By Bob Katzen

Governor Baker announced that he is preparing to distribute up to $502 million from the state portion of the federal Coronavirus Relief Fund to local cities and towns for their costs related to the COVID-19 pandemic. The plan will allow cities and towns to apply for estimated fiscal year 2020 needs immediately and then apply for fiscal year 2021 funds at a later date.

The funds must be utilized by municipalities for eligible costs related to the COVID-19 response effort, consistent with parameters established by the federal Coronavirus Aid, Relief and Economic Security Act (the “CARES” Act) and guidance from the U.S. Treasury Department.

The Baker administration said the available funds represent approximately 25 percent of the funding the state received from the federal Coronavirus Relief Fund and will help ease municipal cashflow pressures. It plans to distribute money to cities and towns quickly and efficiently and maintain necessary flexibility to allocate additional funds if unanticipated needs arise, or if federal rules change.

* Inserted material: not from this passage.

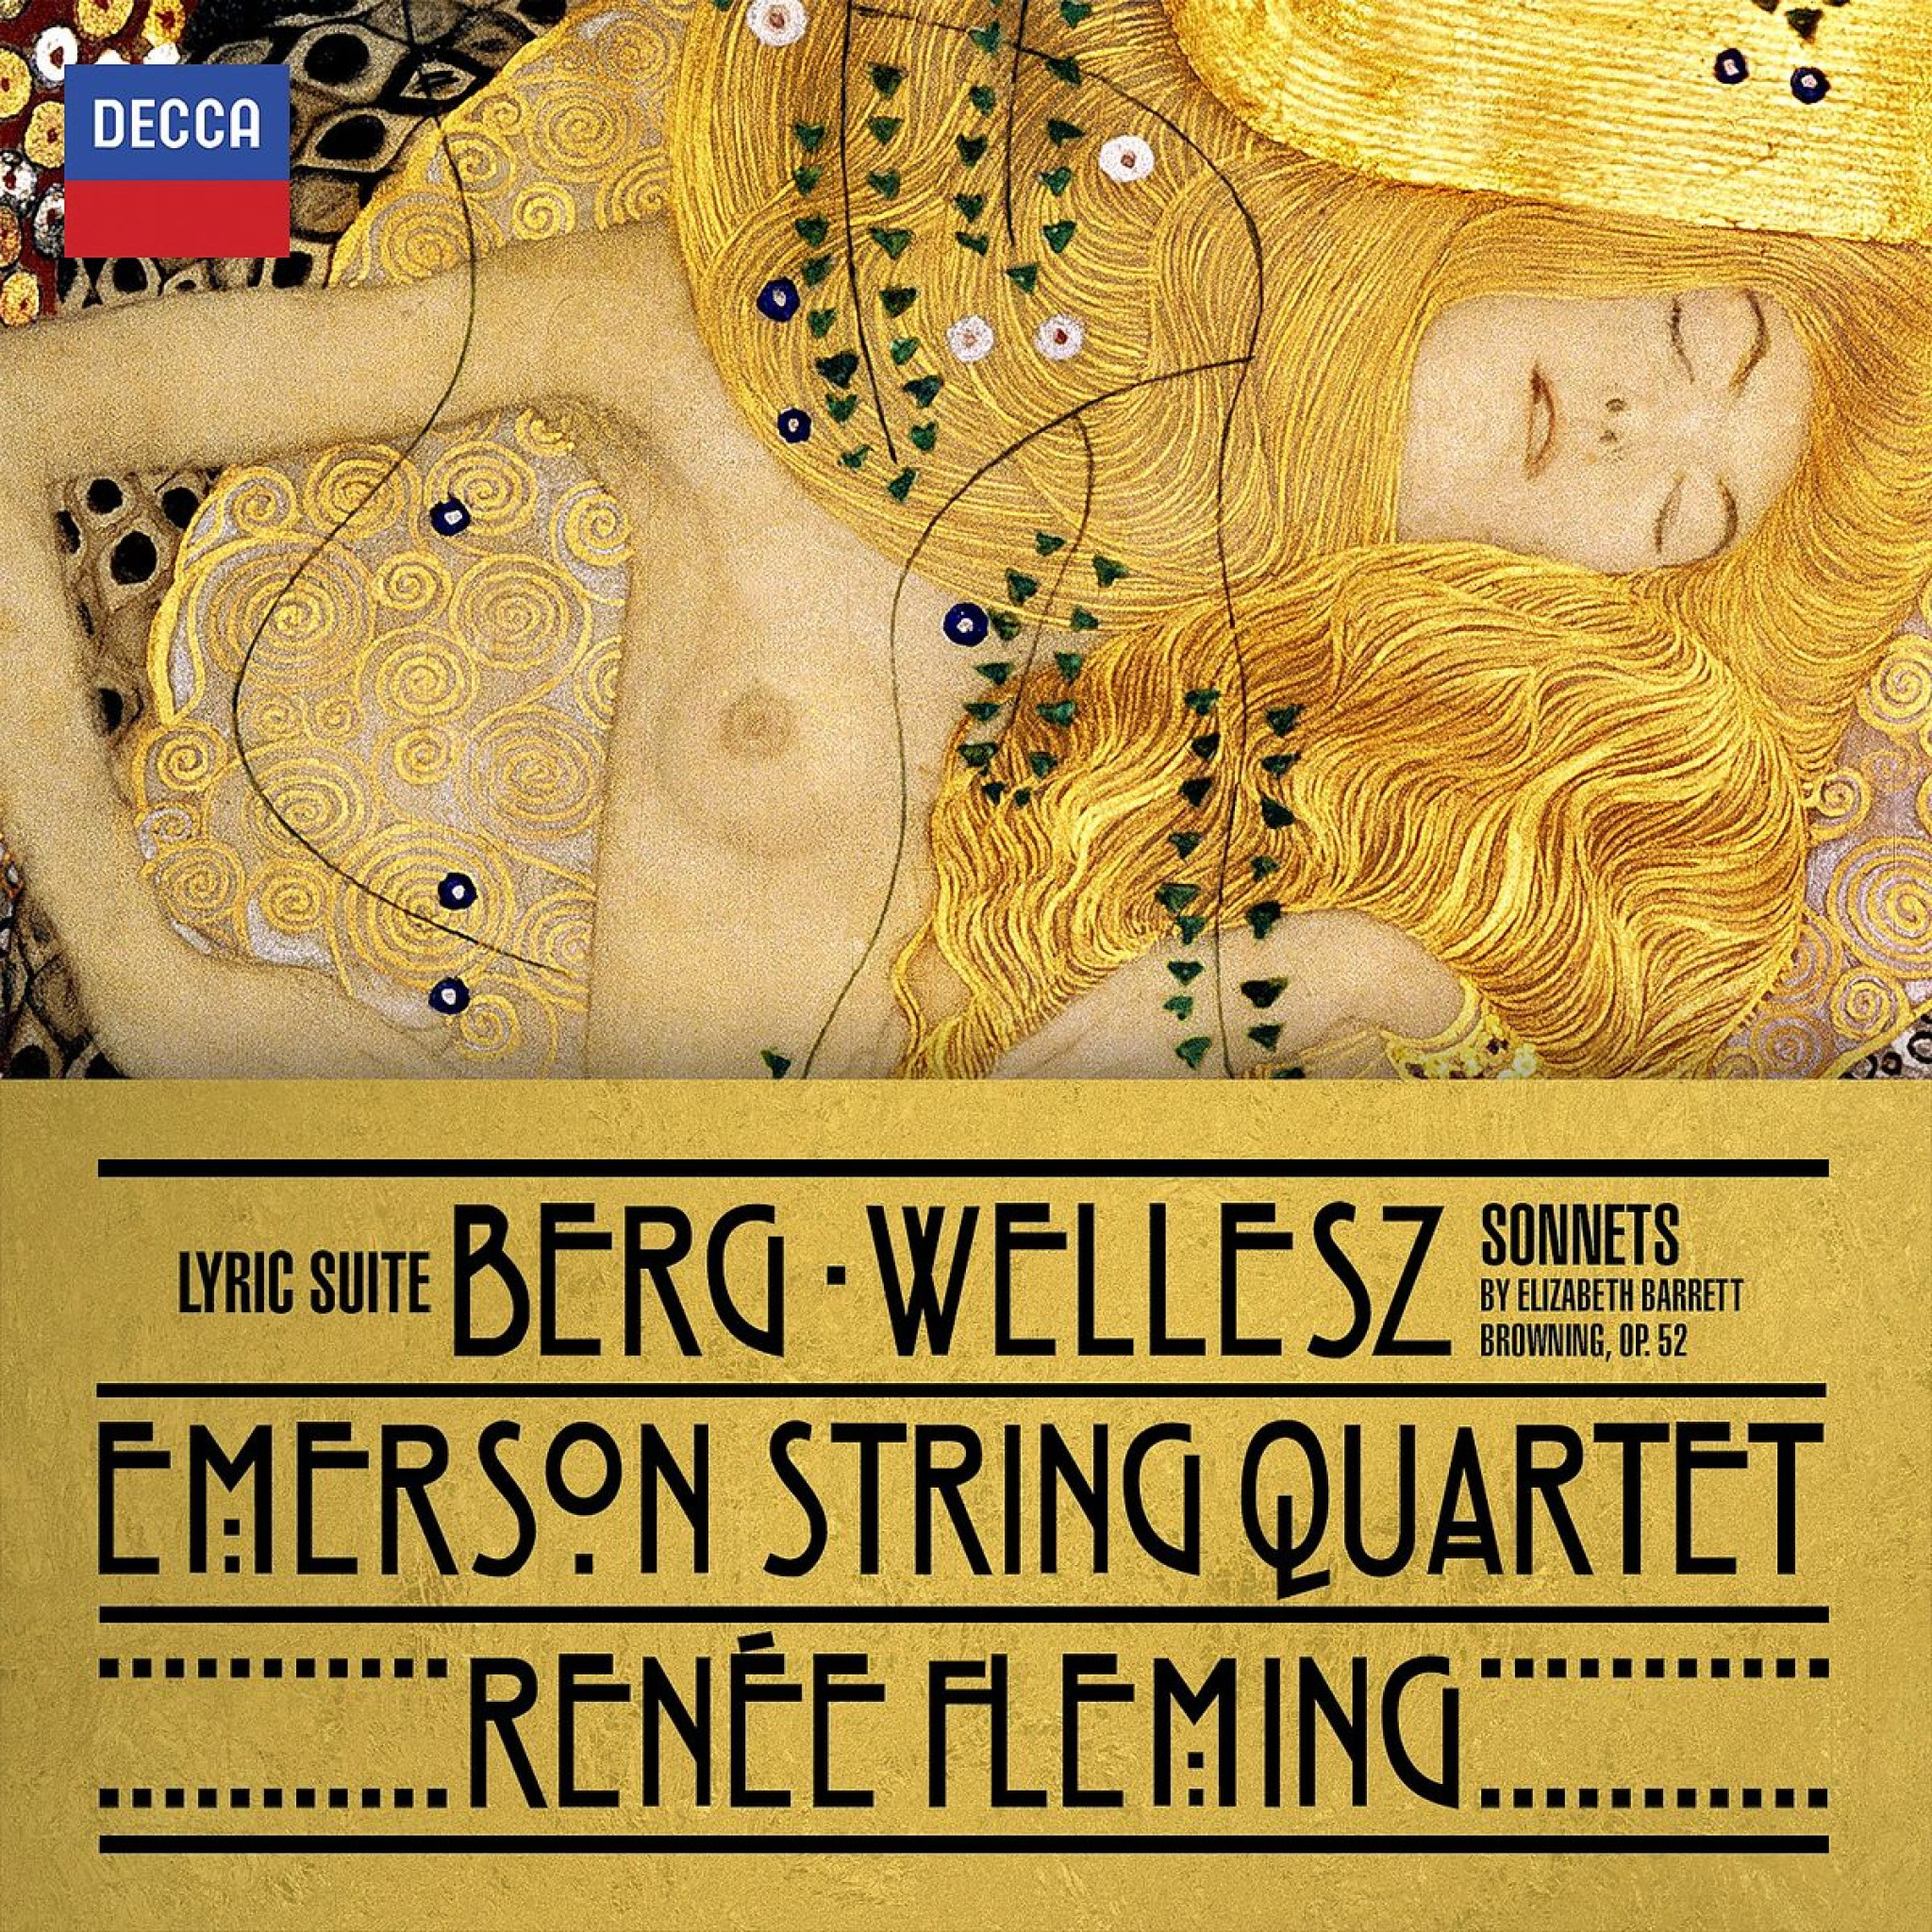 BERG,  WELLESZ Fleming, Emerson String Quartet

These resources will also help ease municipal cashflow pressures.

“The COVID19 funding being released today is a much-needed resource to offset the unprecedented core municipal services costs being absorbed by all 351 cities and towns in the commonwealth,” said Rep. Russell Holmes (D-Boston). “The demands on our first responders, the need for personal protection equipment in our nursing homes, IT upgrades needed for staff to support constituents from home and much more will be needed for the foreseeable future. This funding will enable the mayors and city administrators to continue to focus on constituents’ welfare and not divert their time and energy to cuts that would have a devastating impact on our communities.”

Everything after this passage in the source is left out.